Since the first description of 1948 various triggering factors have been identified: traumatism, surgery, pregnancy, antitetanic serum therapy, vaccinations, bacterial and viral infections (including PVB19). Hereditary forms are also reported (39).

Further investigations are advisable in order to confirm the peripheral character of motor and sensory deficit and to exclude other possible diagnosis (40,41). In our case, the presence of fever and the subsequent development of arthritis and right upper limb paresthesia, according to previous reports (9-13, 16-19), raised the suspect of a PVB19 related disease.
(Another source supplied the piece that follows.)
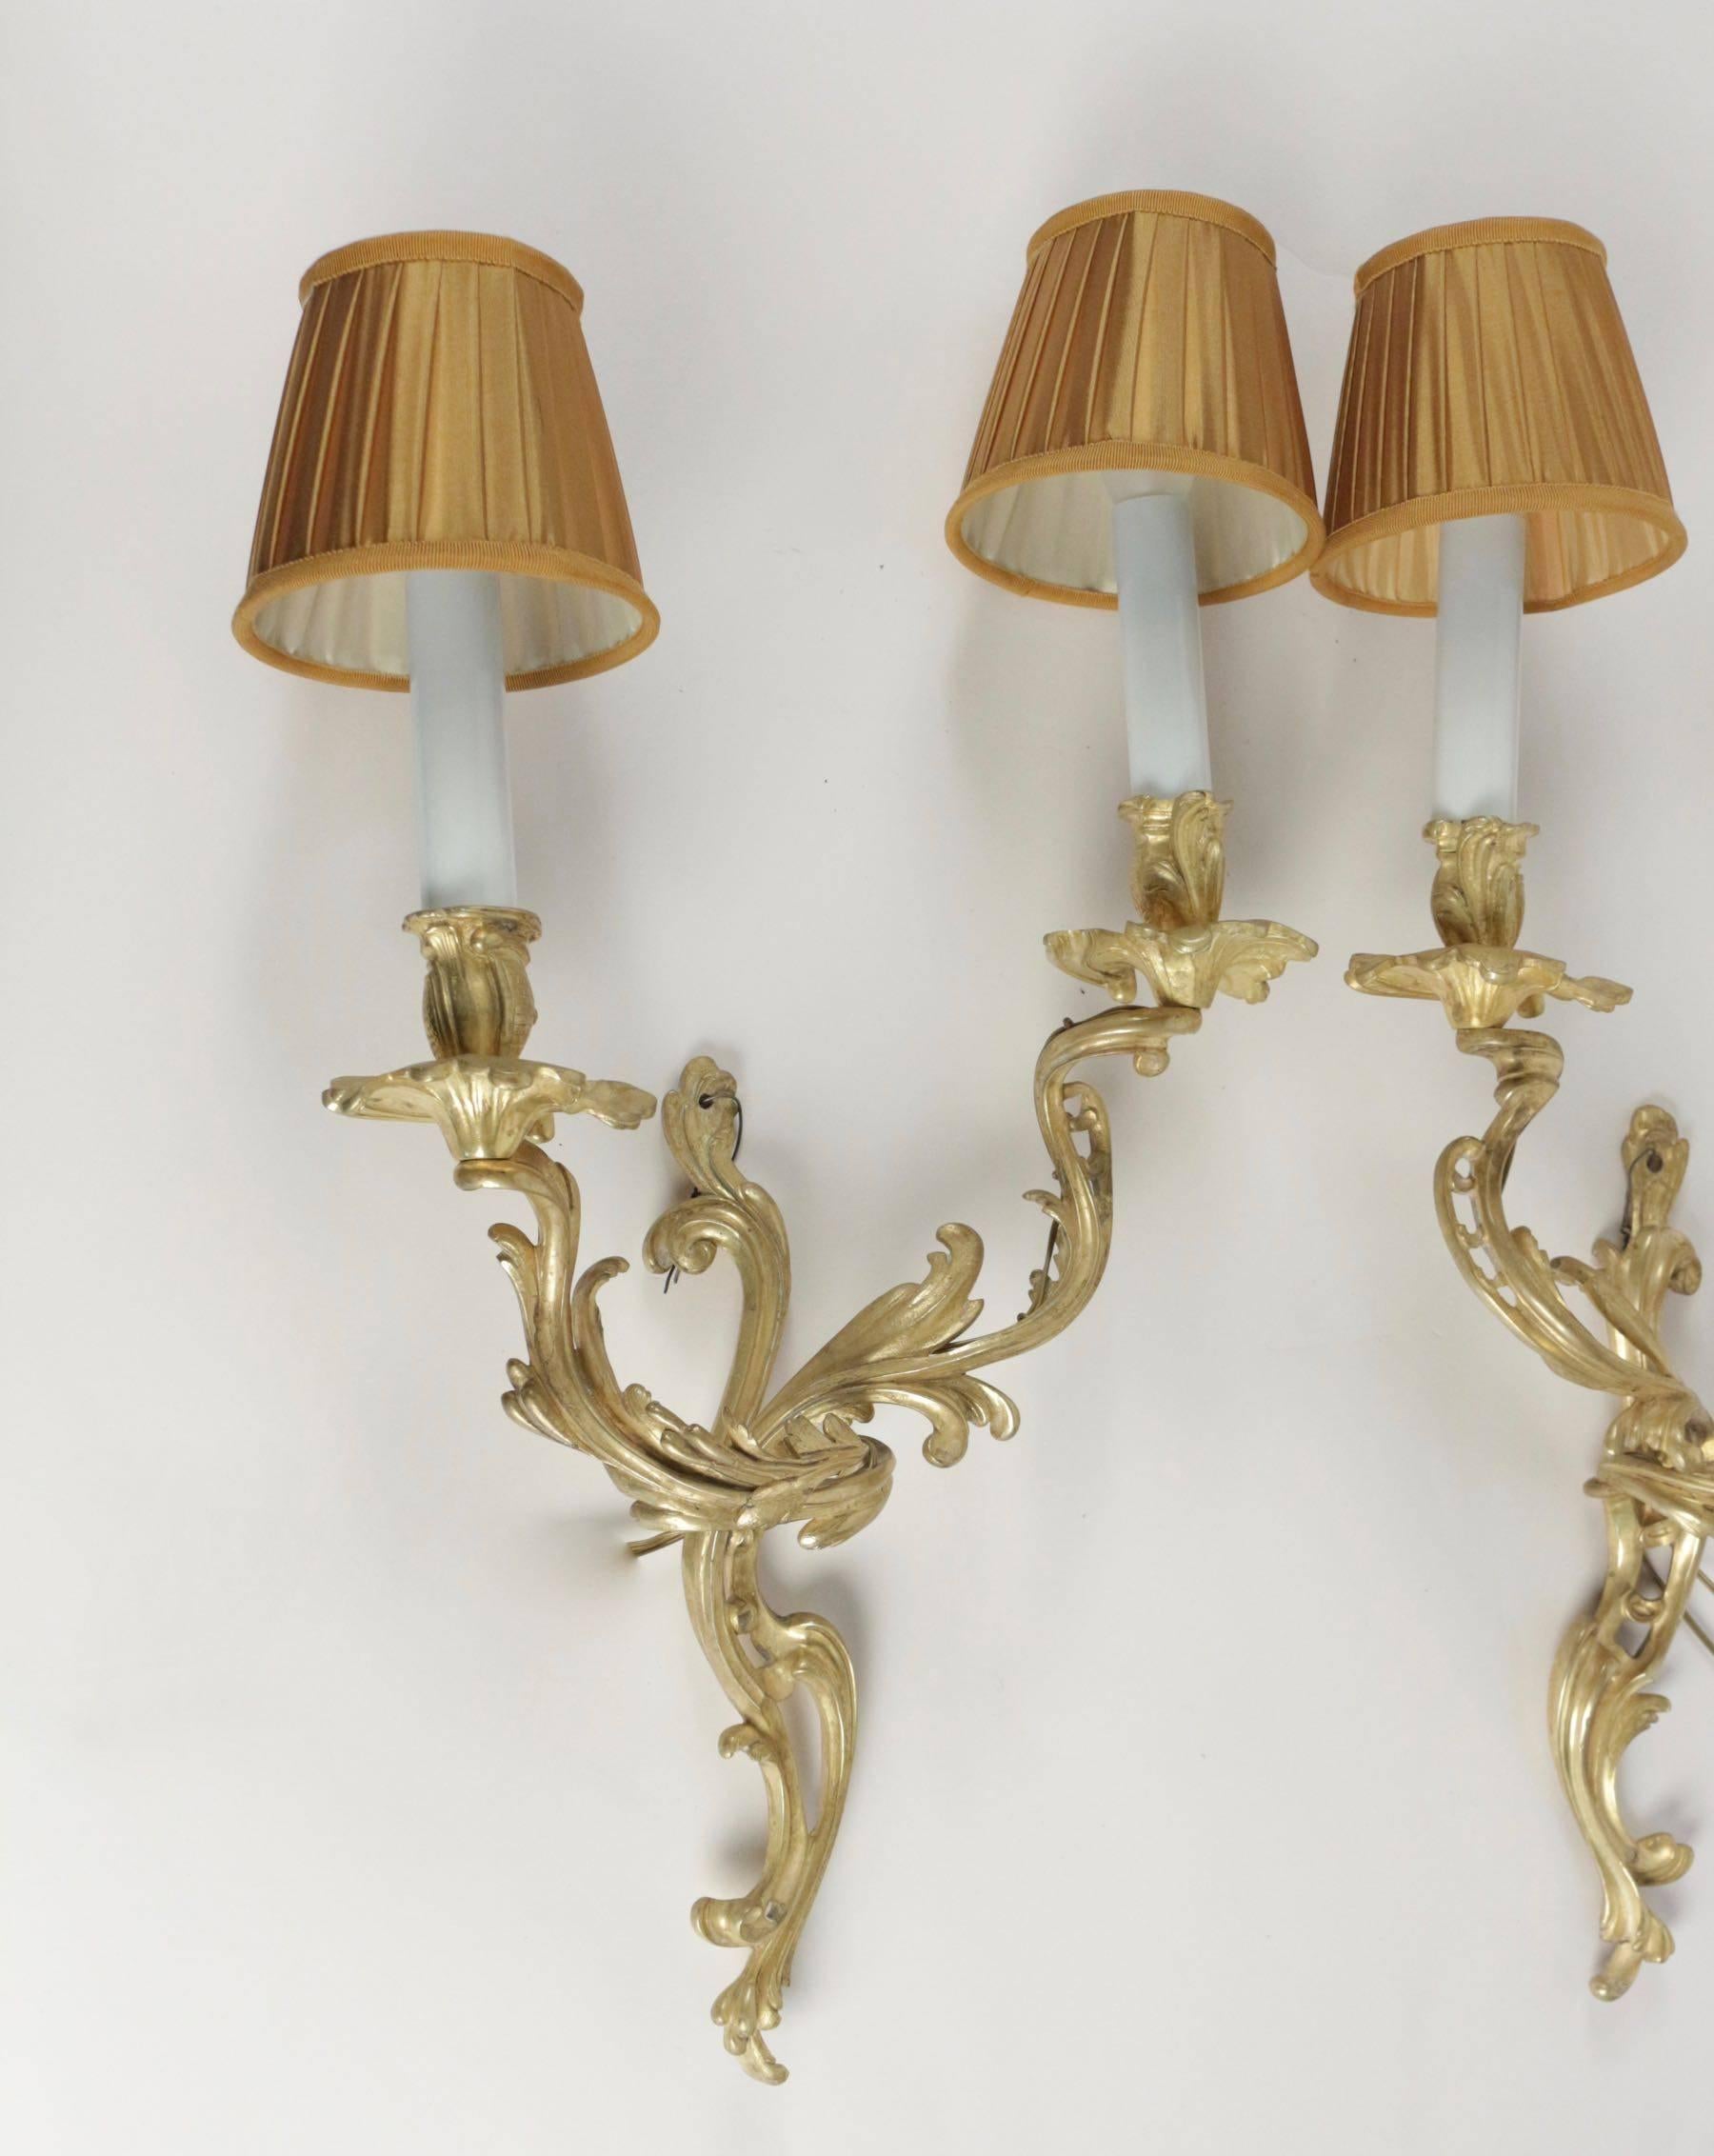 The pair of bronze doré sconces in the style of Louis XV from the 19th century. Candlestick in opaline porcelain.

The pathophysiology is still uncertain as it could be a reactive inflammation of disimmune origin or a direct effect of the virus on the nerve. However, the two could coexist (42).

The treatment is still rather empirical and varies according to the phase in which the patient is evaluated.
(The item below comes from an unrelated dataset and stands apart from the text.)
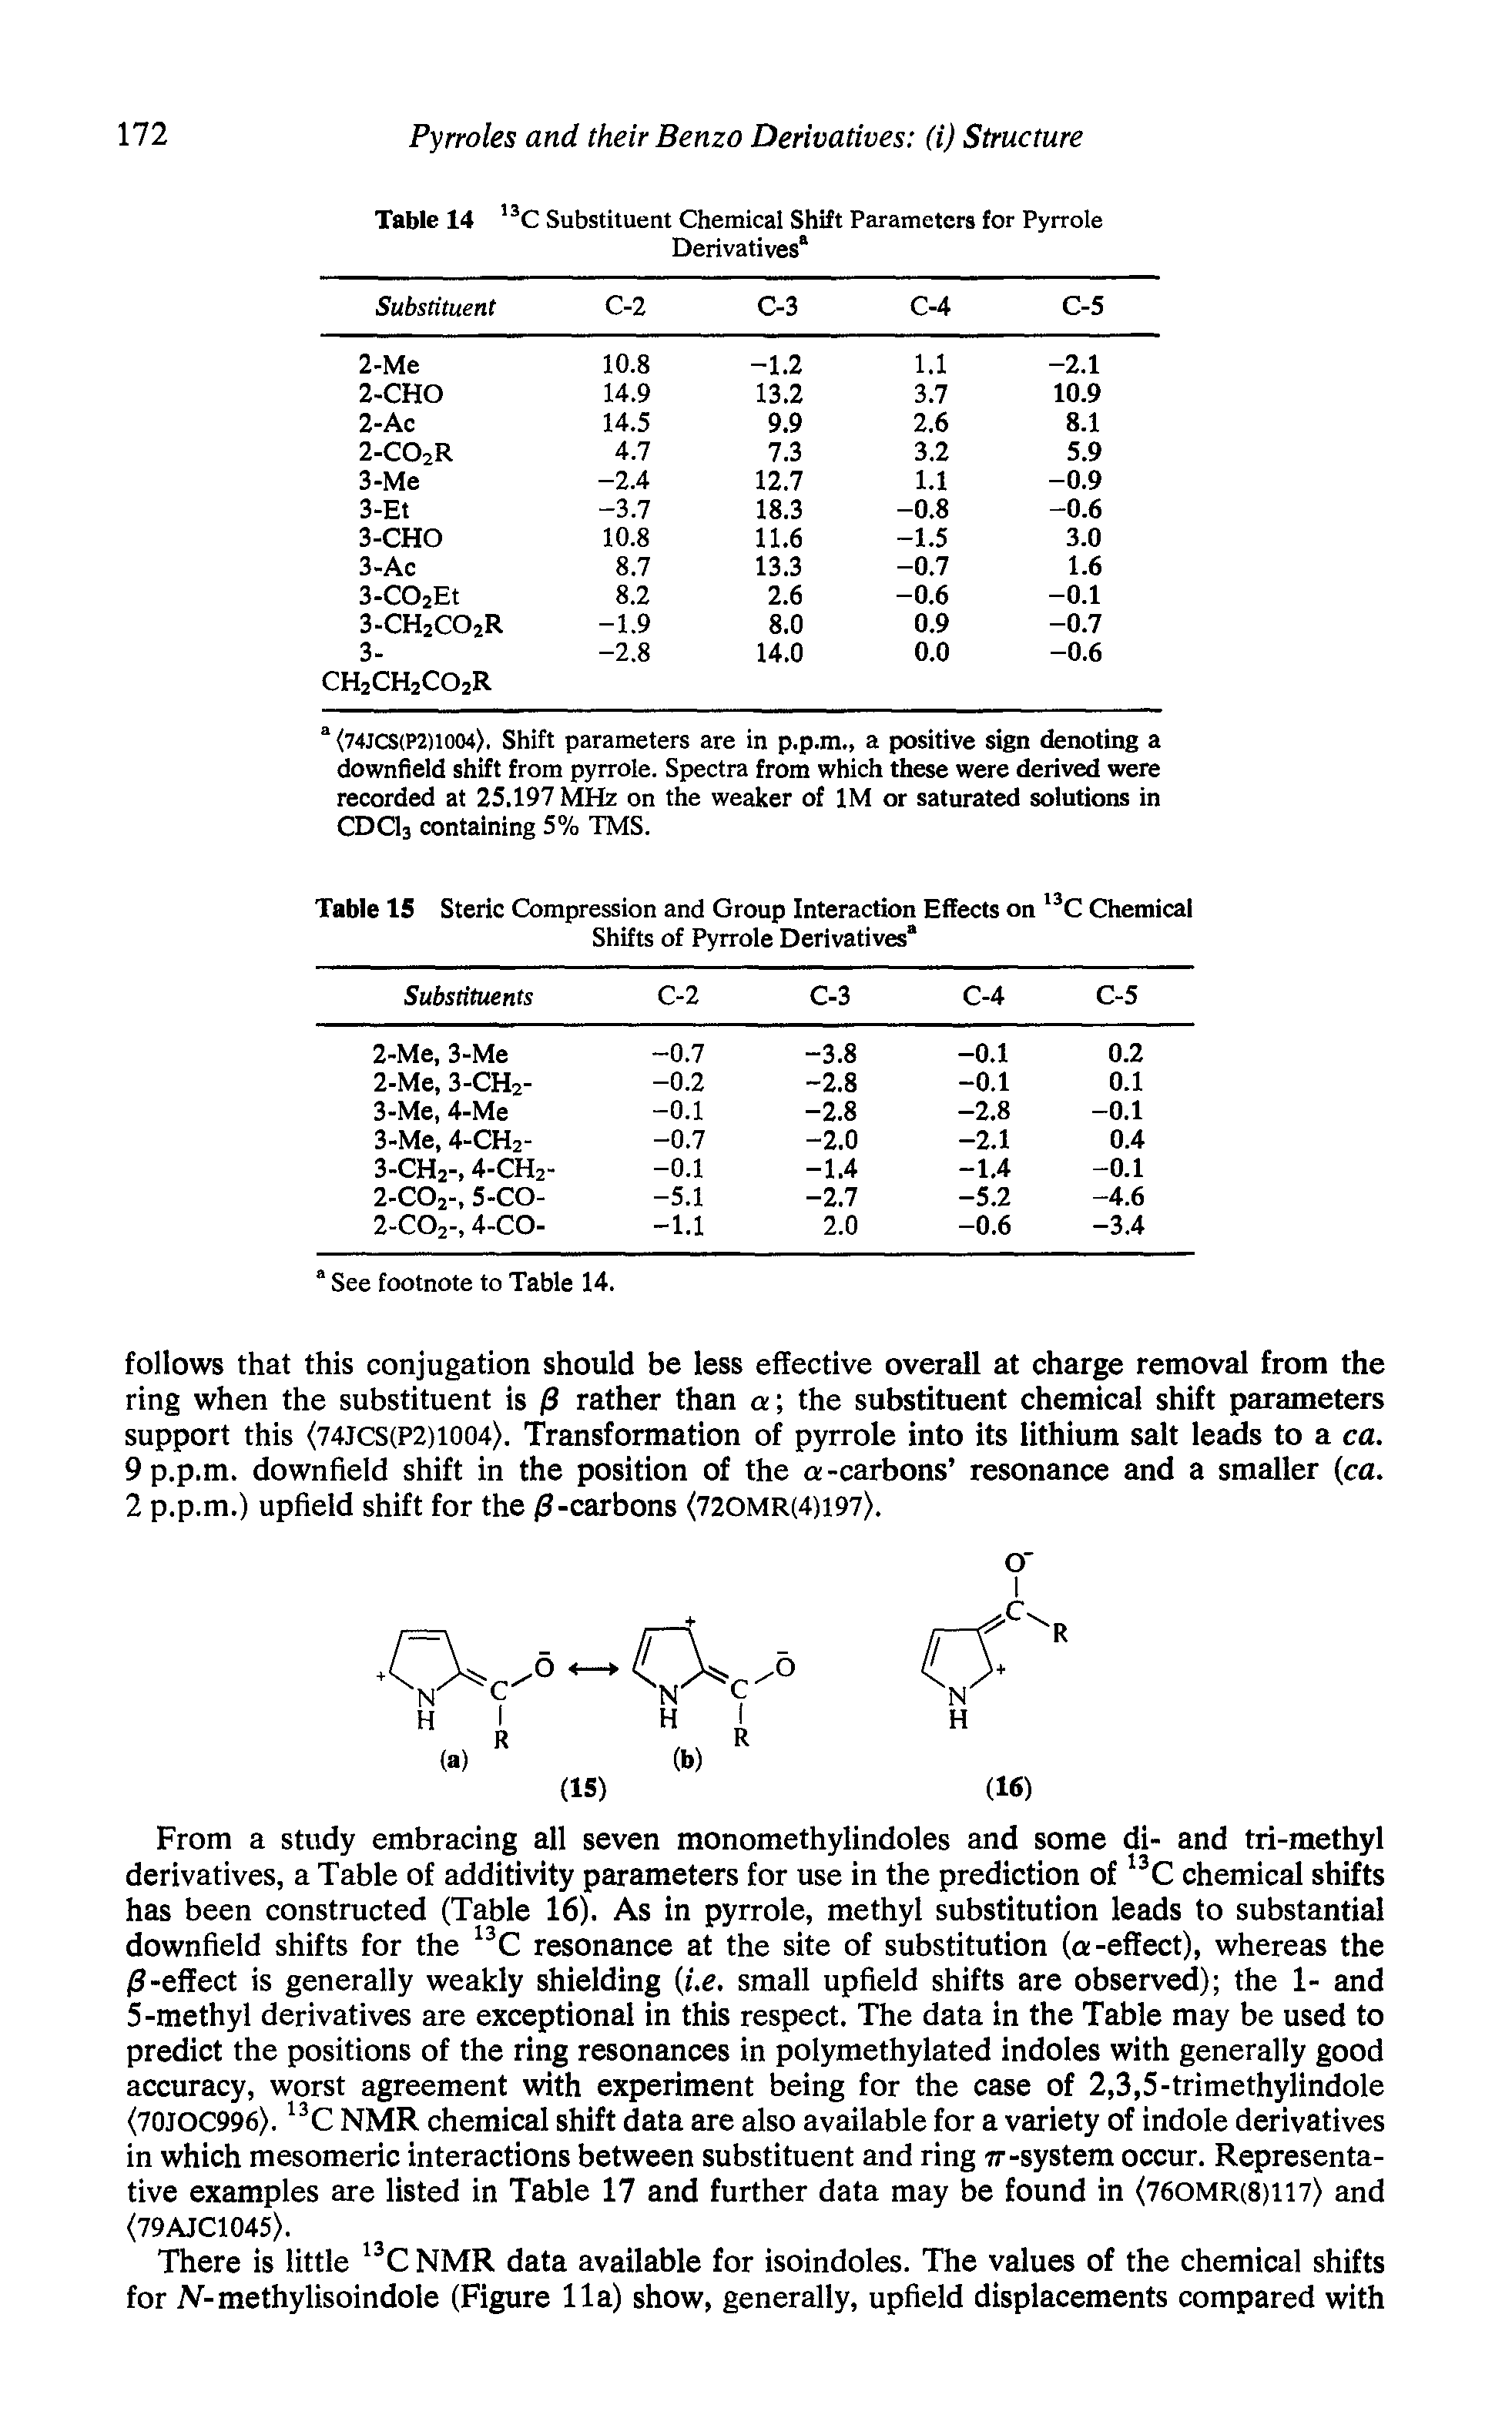 Table 14 13C Substituent Chemical Shift Parameters for Pyrrole Derivatives 1...

In the painful phase, a short corticosteroid treatment may be useful, and it seems to reduce the duration of the phase and favor recovery (43). Our case report confirms the positive effect of a short term corticosteroid treatment, even if the improvement was only partial and the motor and sensory deficit was not avoided.

Some authors reported that more severe forms could respond to pulse iv high dose corticosteroid and iv immunoglobulins (44,45).

A rehabilitation protocol can be established that involves an antalgic physiotherapy, a trophic massage and muscle strengthening.

The description of a case of PVB19 infection that preceded a Parsonage-Turner syndrome and the polymorphism of the clinical signs of PVB19 infection suggest a systematic search for the virus in case of Parsonage-Turner Syndrome.